In the security considerations section, replace the last paragraph
with the following text:
When using an EAP authentication method that does not generate a shared
key for protecting a subsequent AUTH payload, certain man-in-the-middle
and server impersonation attacks are possible.[EAPMITM] These
vulnerabilities occur when EAP is also used in protocols which are not
protected within a secure tunnel. Since EAP is a general-purpose
authentication protocol, which is often used to provide single-signon
facilities, a deployed IPSEC solution which relies on an EAP
authentication method that does not generate a shared key (also known as
a non-key-generating EAP method) can become compromised due to the
deployment of an entirely unrelated application that also happens to use
that same non-key-generating EAP method, but in an unprotected fashion.
Note that this vulnerability is not limited to just EAP, but can occur
in other scenarios where an authenticatoin infrastructure is reused.
For example, if the EAP mechanism used by IKEv2 utilizes a token
authenticator, and the enterprise deploys a non-encrypted web form which
accepts the input from the token authenticator, a man-in-the-middle
attacker could impersonate the web server, intercept the token
authentication exchange, and use it to initiate an IKEv2 connection.

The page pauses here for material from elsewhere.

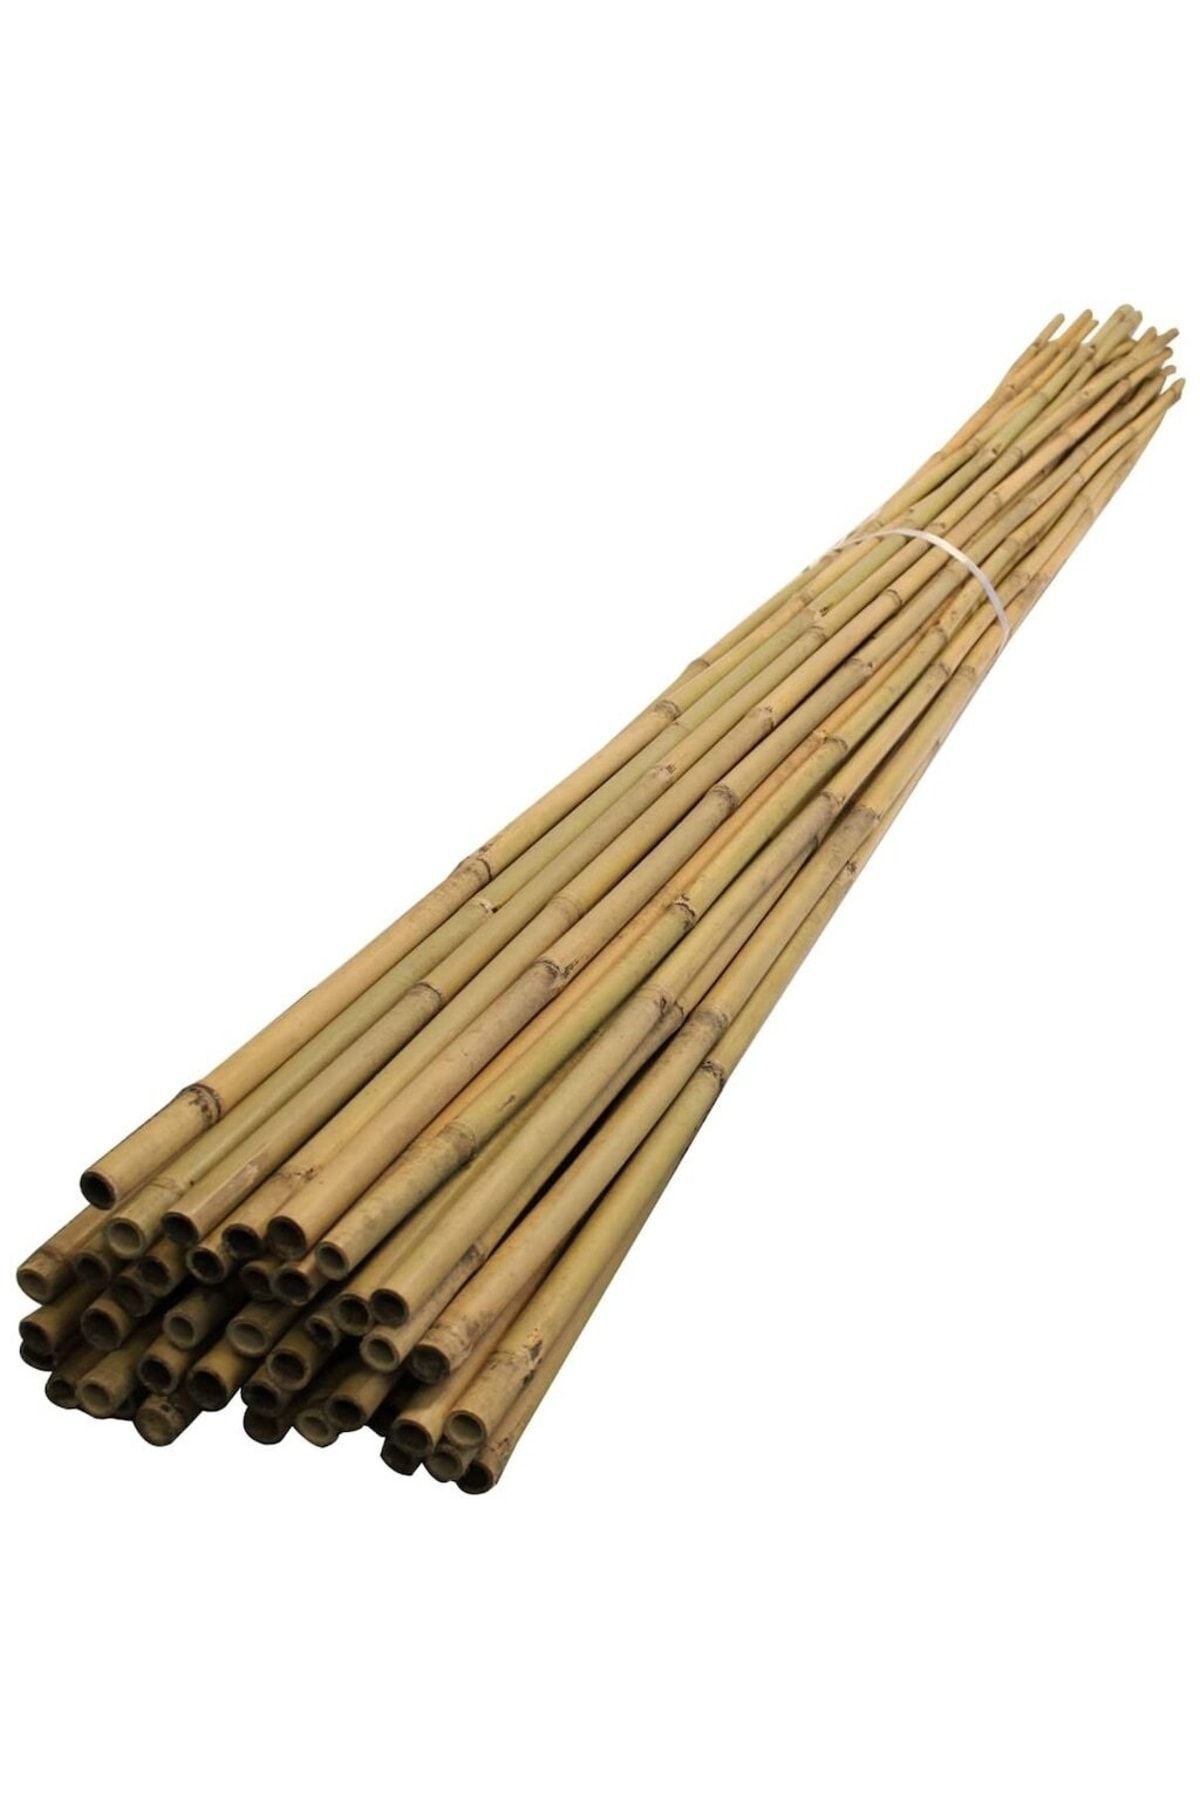 DORUK DEKOR 100 Cm Dekoratif Bambu Çubuk 10 Ad.

For this reason, use of non-key-generating EAP methods SHOULD be avoided
where possible. Where they are used, it is extremely important that all
usages of these EAP methods SHOULD utilize a protected tunnel, where the
initiator validates the responder's certificate before initiating the
EAP exchange. Implementors SHOULD describe the vulnerabilities of using
non-key-generating EAP methods in the documentation of their
implementations so that the administrators deploying IPSEC solutions are
aware of these dangers.
Add the following reference:
[EAPMITM] N. Asokan, Valtteri Nierni, and Kaisa Nyberg,
"Man-in-the-Middle in Tunneled Authentication Protocols",
http://eprint.iacr.org/2002/163, November 11, 2002.
----------------------------------------------------
2. Rekeying clarifications
From David Black's note of August 20, 2003:
Subject: RE: The remaining IKEv2 issues - #64
To: Charlie_Kaufman@notesdev.ibm.com
Charlie,
As part of this (unless I missed it), please add sentences
to make the following points:
- IKEv2 deliberately allows parallel SAs with the same traffic
selectors between common endpoints. One of the purposes of
this is to support traffic QoS differences among the SAs;
see Section 4.1 of RFC 2983 (informative reference).
- Hence unlike IKEv1, given two endpoints, traffic selectors need
not uniquely identify an SA between those endpoints.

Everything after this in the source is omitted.